Aber bei Tasmania hat in den vergangenen Jahren unter Almir Numic als Vorsitzendem sowieso ein Umdenken stattgefunden. "Natürlich ist und bleibt die erste Mannschaft unser Aushängeschild, aber wir haben die Prioritäten innerhalb des Vereins nachhaltig verändert", sagt er und erklärt: "Unser Fokus liegt in erster Linie auf einer erfolgreichen Nachwuchsarbeit. Danach kommt die Infrastruktur, die wir unbedingt verbessern müssen. Und dann erst kommt der Herrenfußball, den wir selbstverständlich nicht vernachlässigen werden. Aber die wenigen finanziellen Mittel, die wir zur Verfügung haben, werden zunächst in andere Projekte investiert."

Dass diese Idee bei Tasmania auch gelebt wird, belegt die Statistik: Als Numic im November 2019 Verantwortung übernahm, hatte der Verein zehn Jugendmannschaft im Spielbetrieb, mittlerweile sind es über 20 Nachwuchsteams – Tendenz weiter steigend.

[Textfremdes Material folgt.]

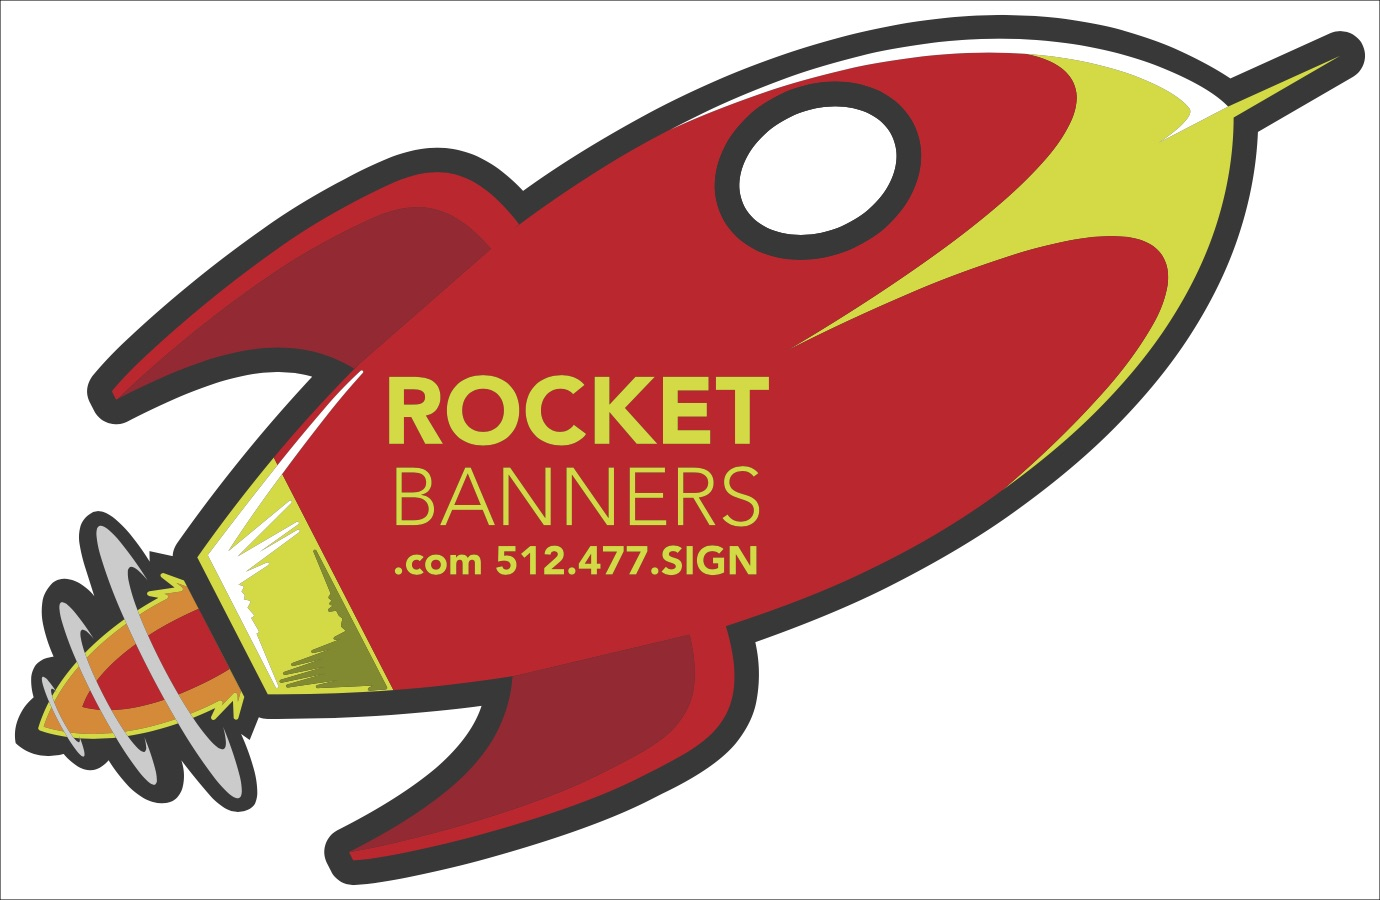 Rocket-Banners-Logo-Sponsor

Die Jugendabteilung besteht aus mehr als 400 Kindern und Jugendlichen im Alter zwischen vier und 18 Jahren aus der direkten Nachbarschaft, die sich während der Woche und vor allem am Wochenende auf der Anlage tummeln und mit großer Leidenschaft ihrem Hobby nachgehen.

"Wenn man sieht, was dann hier los ist, da geht einem zwangsläufig das Herz auf", sagt Numic. "In diesem Momenten weiß man dann auch, warum man sich ehrenamtlich engagiert und viel Zeit und auch Geld in diesen Verein steckt." Es ist offensichtlich, dass bei Tasmania Vergangenheit und Zukunft aufeinandertreffen: Der schlechtes Bundesligaklub aller Zeiten rückt die Jugend in den Fokus der Vereinsarbeit. Wenn das keine Fußballromantik ist.